No tengo datos precisos del número de casos de errores judiciales. Incluso me parece muy arriesgado hacer una estadística anual. Sin embargo, pensemos en que cuando el juez está convencido de la culpabilidad del acusado, pronuncia la condena. En el supuesto contrario, si de lo que está persuadido es de su inocencia, la proclama. Pero, ¿y si duda? En tal supuesto, incluso por leve que la duda sea, tiene que beneficiar al acusado y absolverle. Con la aplicación de este principio de tan rancio abolengo los jueces evitarían de manera absoluta el error judicial. El crimen impune no afecta a la seguridad jurídica. Sin embargo, sí la vulnera, en su esencia, el castigo del inocente. Desgraciadamente y pese a ser de inexcusable cumplimiento, esta obligación es violada con frecuencia. La duda tiene que conducir siempre a la absolución. Es cien veces más angustioso encarcelar a un inocente que dejar en libertad a uno que no lo es. Y que nadie se lamente de dudar. “La duda reina de modo necesario”, nos advierte el clásico. Los locos y los fanáticos son los únicos que tienen el privilegio de no abrigar duda alguna.
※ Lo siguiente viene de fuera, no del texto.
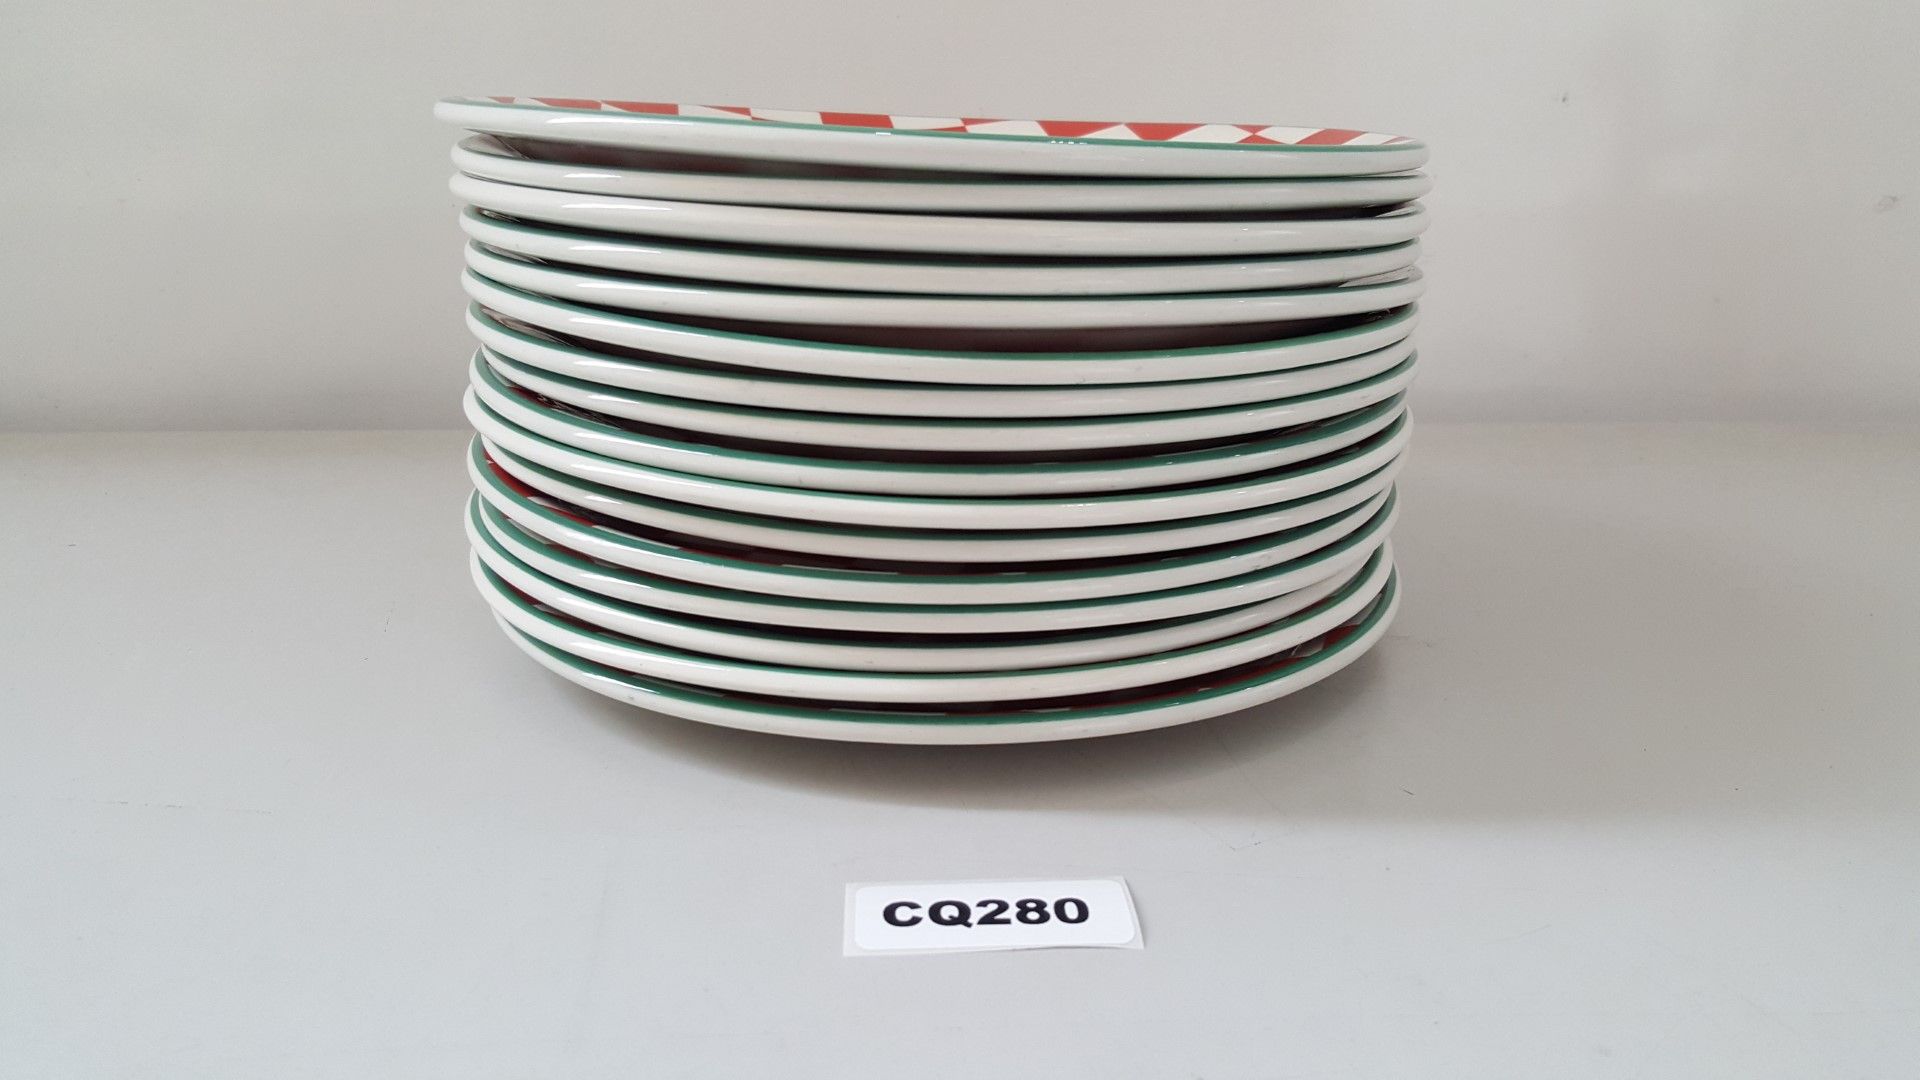 16 x Steelite Plates Checkered Red&White With Green Outline 25CM - Ref CQ280 - Image 2 of 4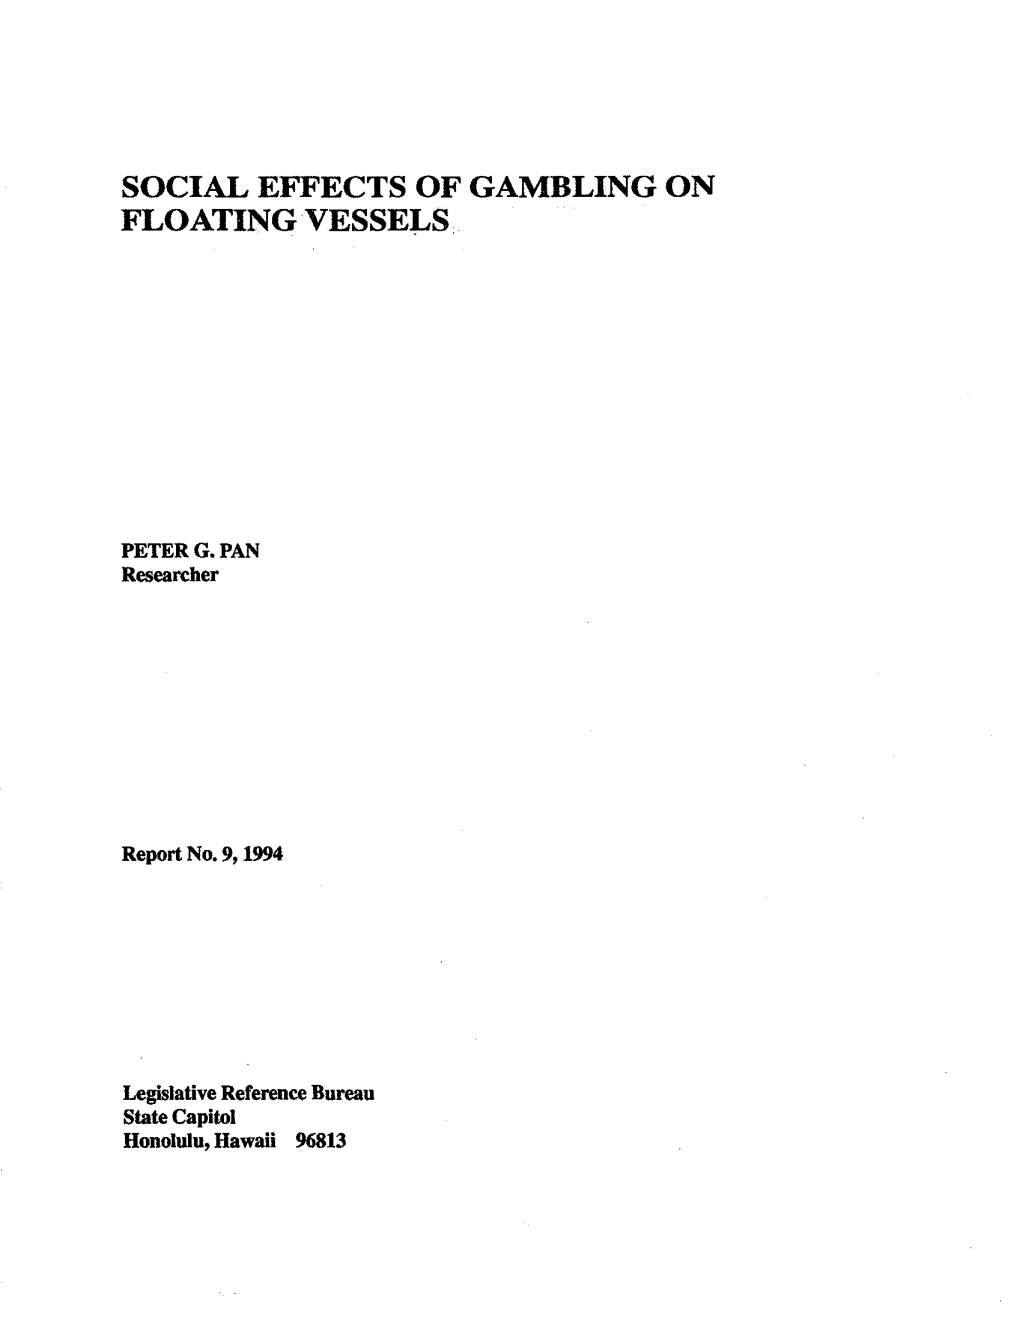 Social Effects of Gambling on Floating Vessels

No es sencillo averiguar la manera de reparar los daños, siempre irreparables o de casi imposible reparación, de un error judicial causante de una condena injusta. ¿En cuánto se indemniza a una persona a la que por equivocación se le ha arruinado la vida? La desproporción es evidente. Entre los 13 años de cárcel sufridos por Rafael Ricardi y el millón de euros que, al final, llegaron a darle hay una diferencia notoria. Igual que la que existe entre un día de prisión y los 25 euros que el Ministerio de Justicia viene concediendo a quien encarcelado preventivamente luego es absuelto. Qué poco vale la libertad. Con tan bajos precios no es extraño que la gente piense que los jueces no se andan con remilgos a la hora de mandar a la gente a chirona o que casi nadie se alarme ante tan anormal proceder de la administración de Justicia. La indiferencia pública se ha acostumbrado al error como si formara parte del destino y a menudo repite el dicho de Antonio en Los novios de que “a quien le toca, le toca”.

A Rafael, a Dolores, a Romano, a José Manuel, a Daniel, a Sandro, a Jorge y a muchos como ellos, la justicia les volvió la espalda durante muchos años. A veces la justicia se ensaña con quienes juzga, pero lo peor de estos casos es que no restan más dolor ni menos indolencia.

Las sentencias erróneas no son del todo inevitables. Los buenos jueces saben cuán expuesta al error se halla la Justicia. En la otra orilla, quienes ante el desatino judicial se resignan lo que están haciendo es renunciar al sentido de justicia. Si necesitáramos robustecer el rechazo a las condenas injustas, pensemos que cualquiera de nosotros podríamos estar sentados en el banquillo de los falsos culpables.